Orientation-specific joining of AID-initiated DNA breaks promotes antibody class switching

During B-cell development, RAG endonuclease cleaves immunoglobulin heavy chain (IgH) V, D, and J gene segments and orchestrates their fusion as deletional events that assemble a V(D) J exon in the same transcriptional orientation as adjacent C mu constant region exons(1,2). In mice, six additional sets of constant region exons (C(H)s) lie 100-200 kilobases downstream in the same transcriptional orientation as V(D) J and C mu exons(2). Long repetitive switch (S) regions precede C mu and downstream C(H)s.
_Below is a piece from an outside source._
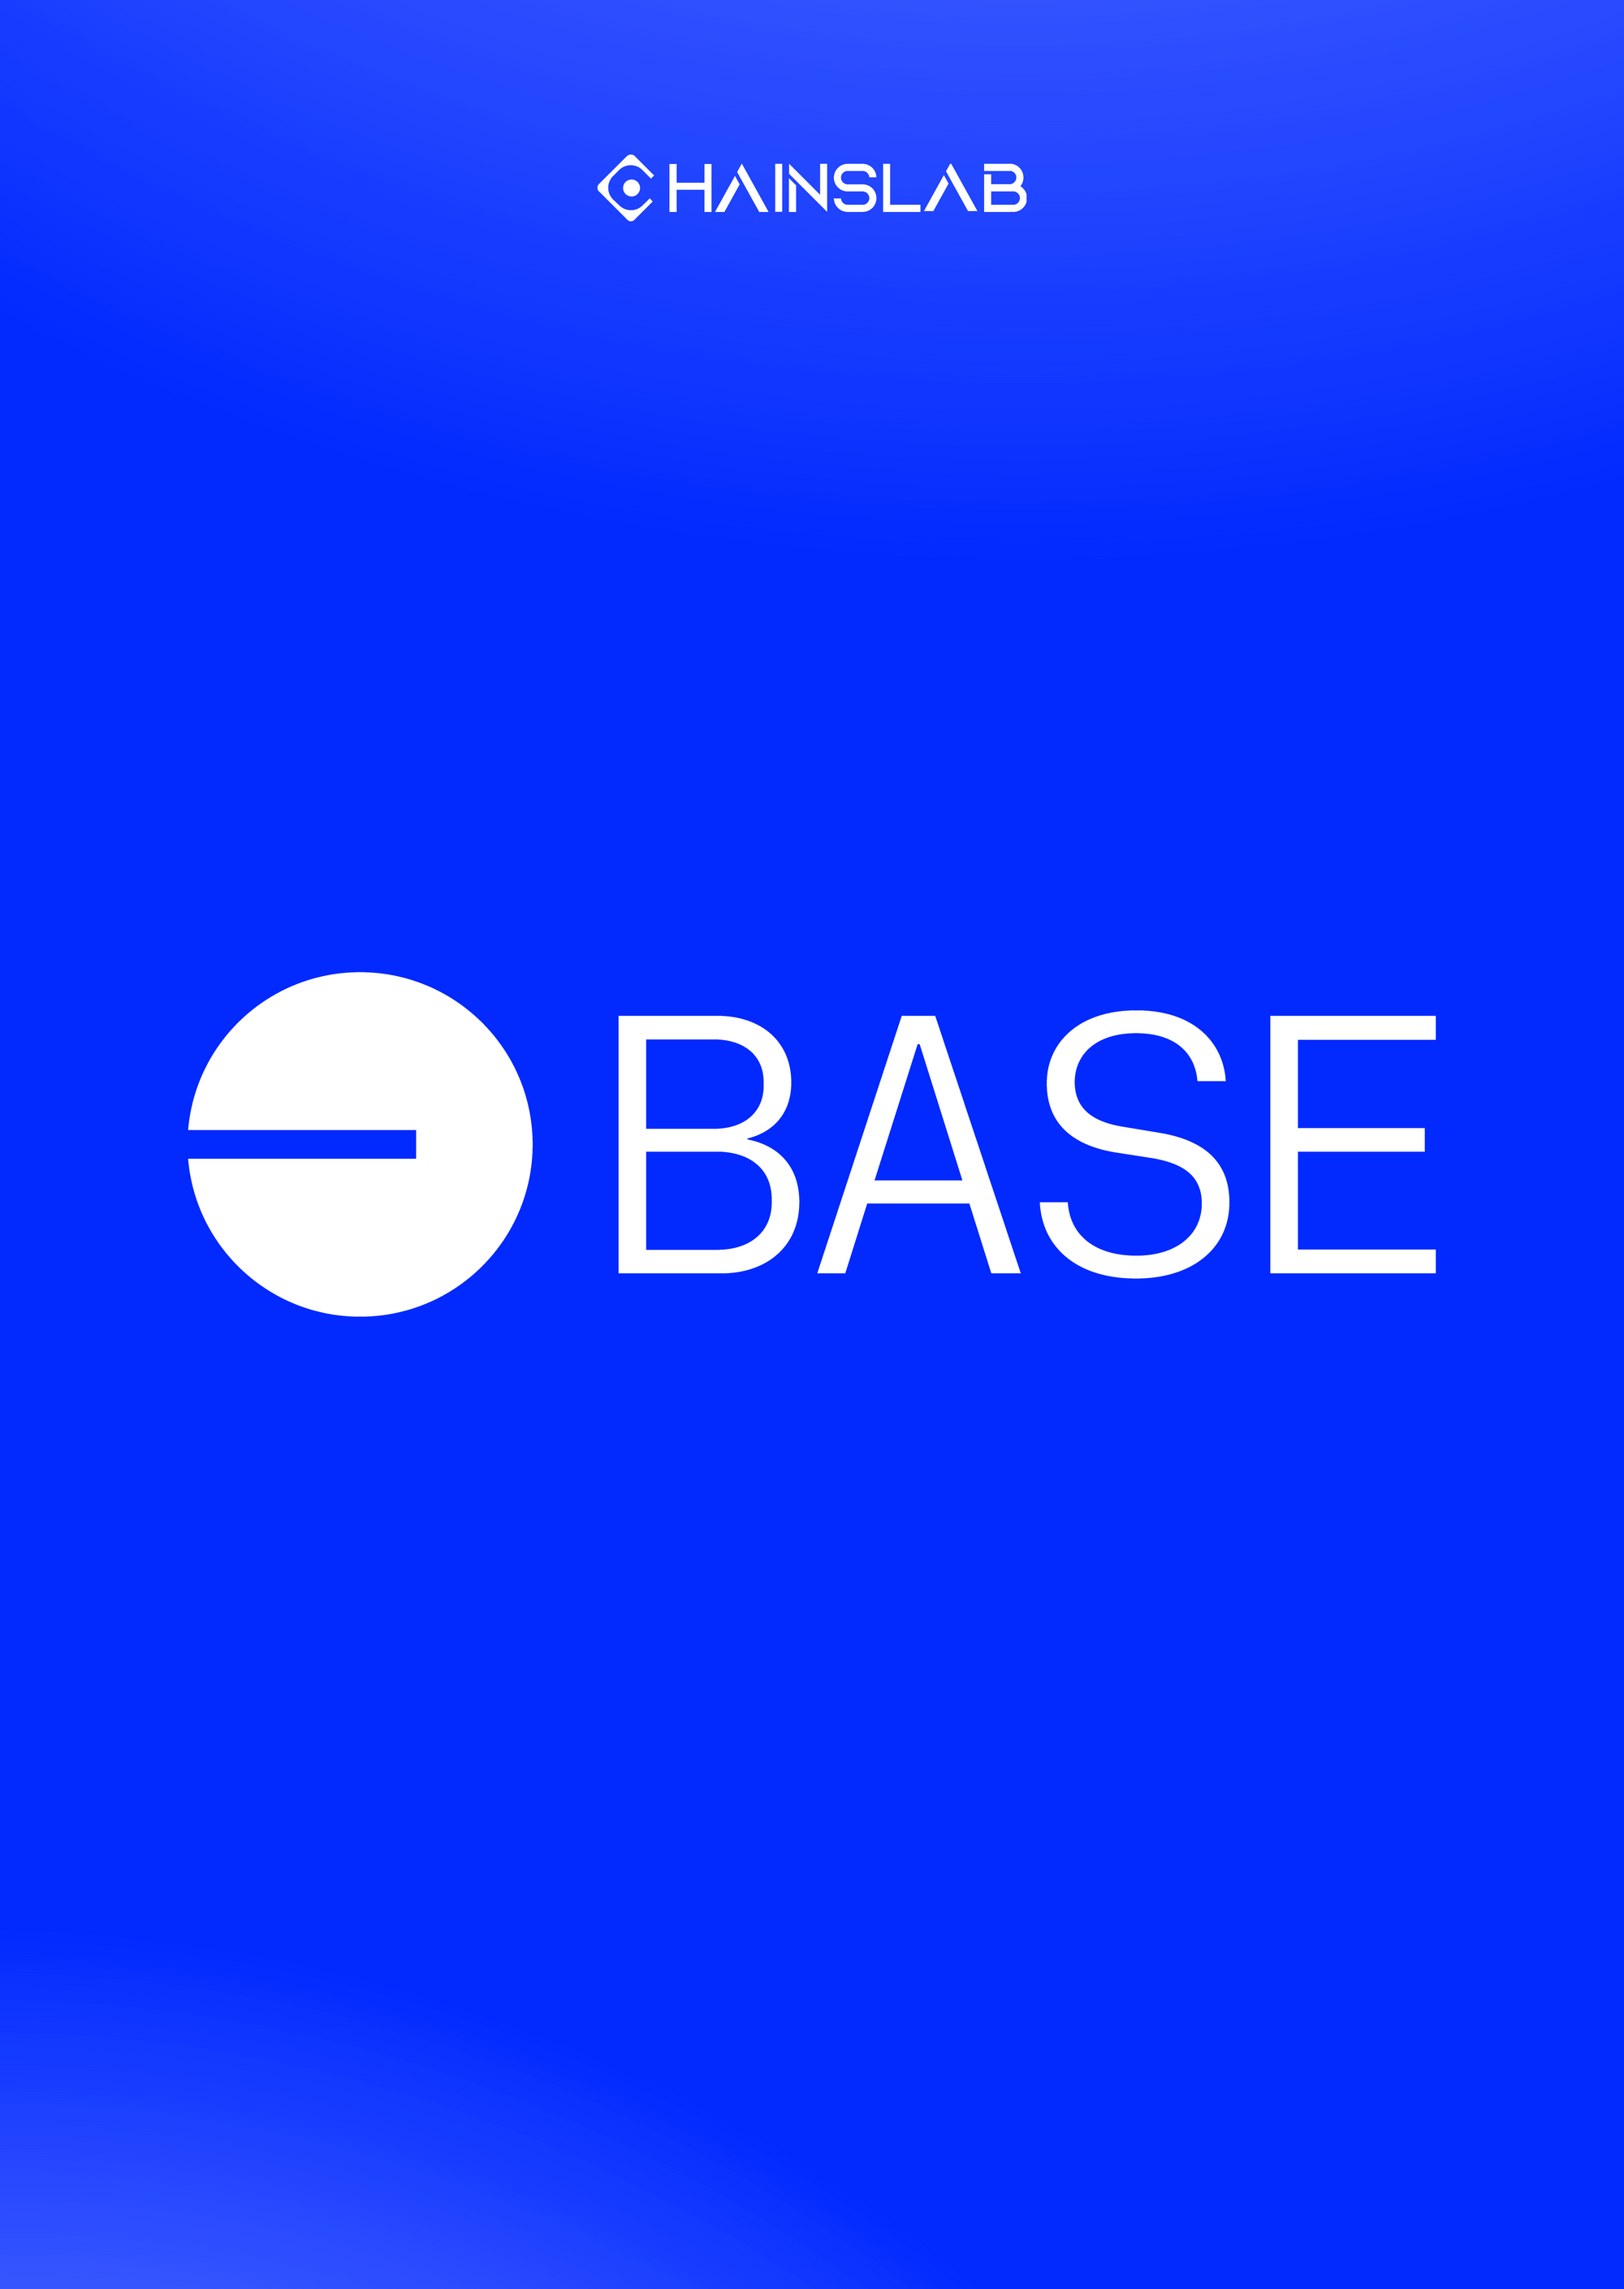 What is Base - Coinbase Layer 2 Chain?
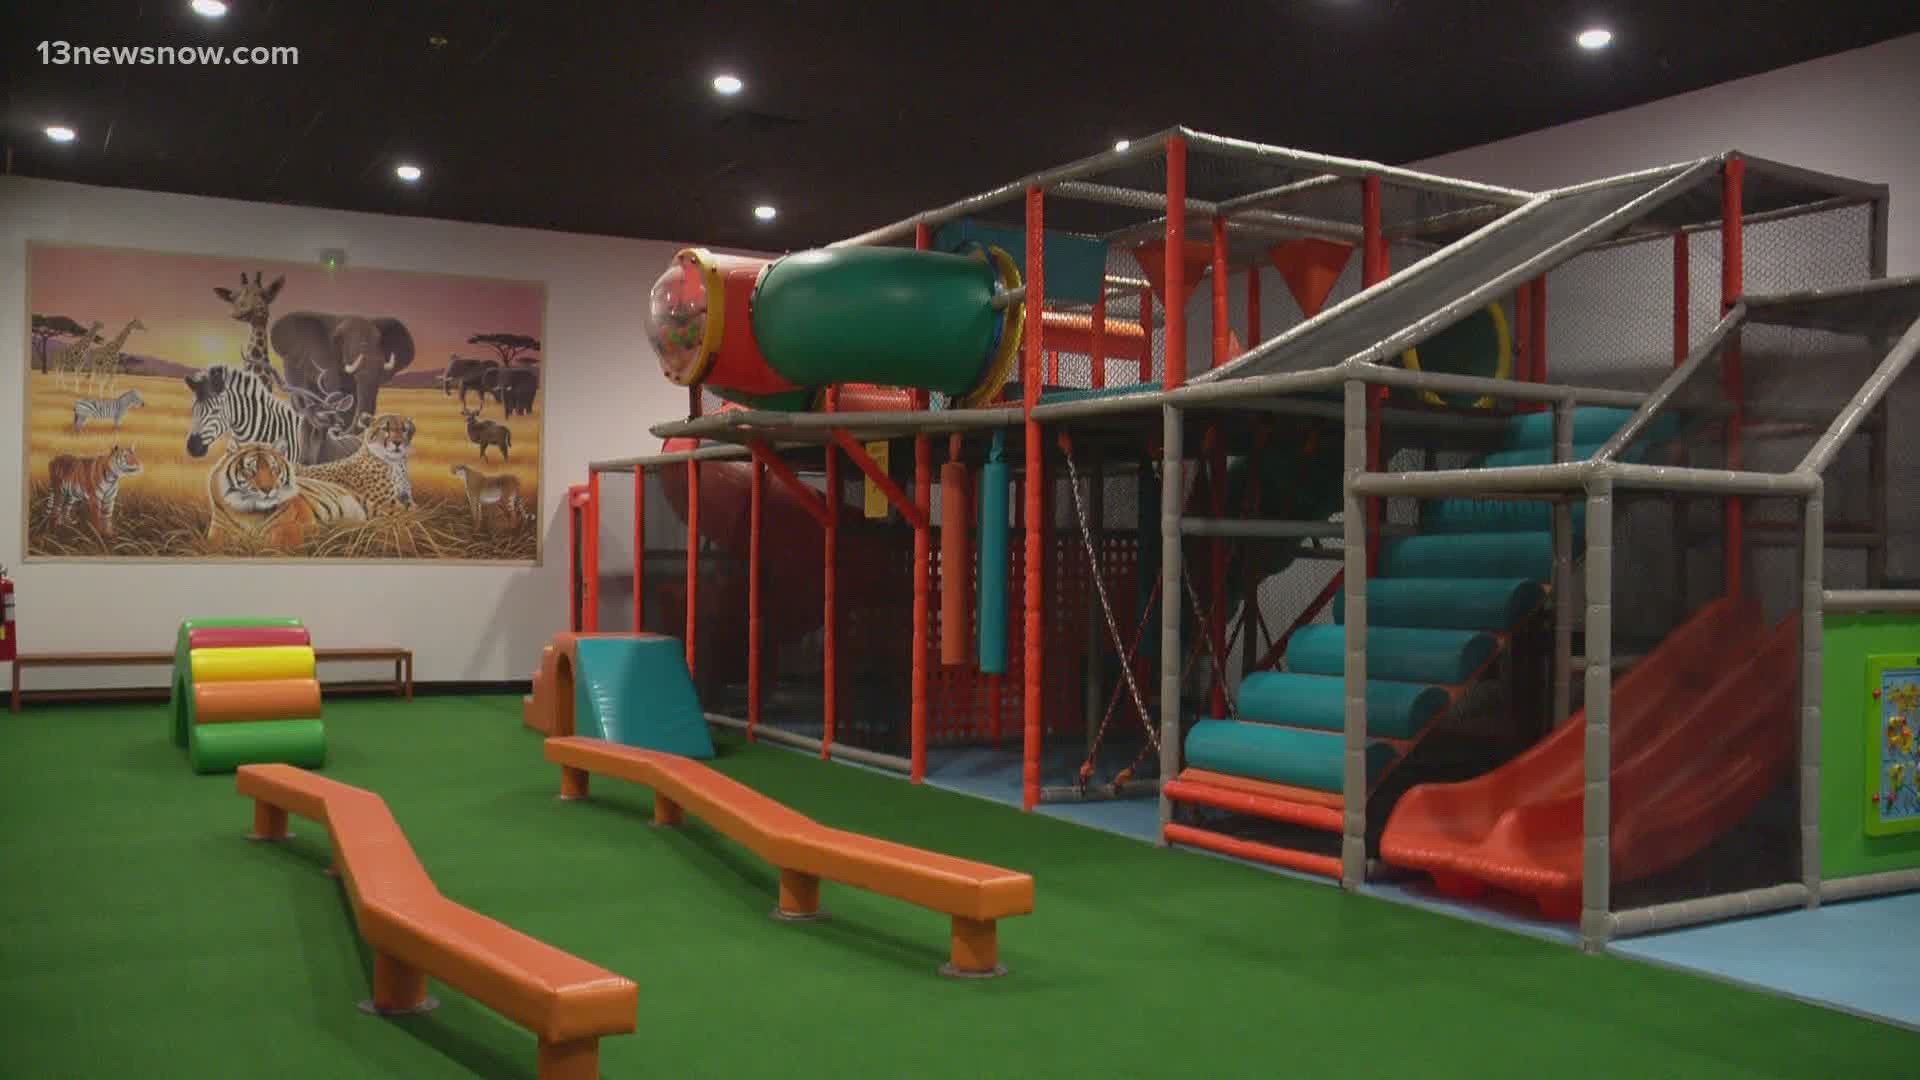 SK8 House Family Entertainment Center is a new family-friendly business that just opened in Virginia Beach.

In mature B cells, class switch recombination (CSR) generates different antibody classes by replacing C mu with a downstream C-H (ref. 2). Activation-induced cytidine deaminase (AID) initiates CSR by promoting deamination lesions within S mu and a downstream acceptor S region(2,3); these lesions are converted into DNA double-strand breaks (DSBs) by general DNA repair factors(3). Productive CSR must occur in a deletional orientation by joining the upstream end of an S mu DSB to the downstream end of an acceptor S-region DSB. However, the relative frequency of deletional to inversional CSR junctions has not been measured. Thus, whether orientation-specific joining is a programmed mechanistic feature of CSR as it is for V(D) J recombination and, if so, how this is achieved is unknown. To address this question, we adapt high-throughput genome-wide translocation sequencing(4) into a highly sensitive DSB end-joining assay and apply it to endogenous AID-initiated S-region DSBs in mouse B cells. We show that CSR is programmed to occur in a productive deletional orientation and does so via an unprecedented mechanism that involves in cis Igh organizational features in combination with frequent S-region DSBs initiated by AID. We further implicate ATM-dependent DSB-response factors in enforcing this mechanism and provide an explanation of why CSR is so reliant on the 53BP1 DSB-response factor.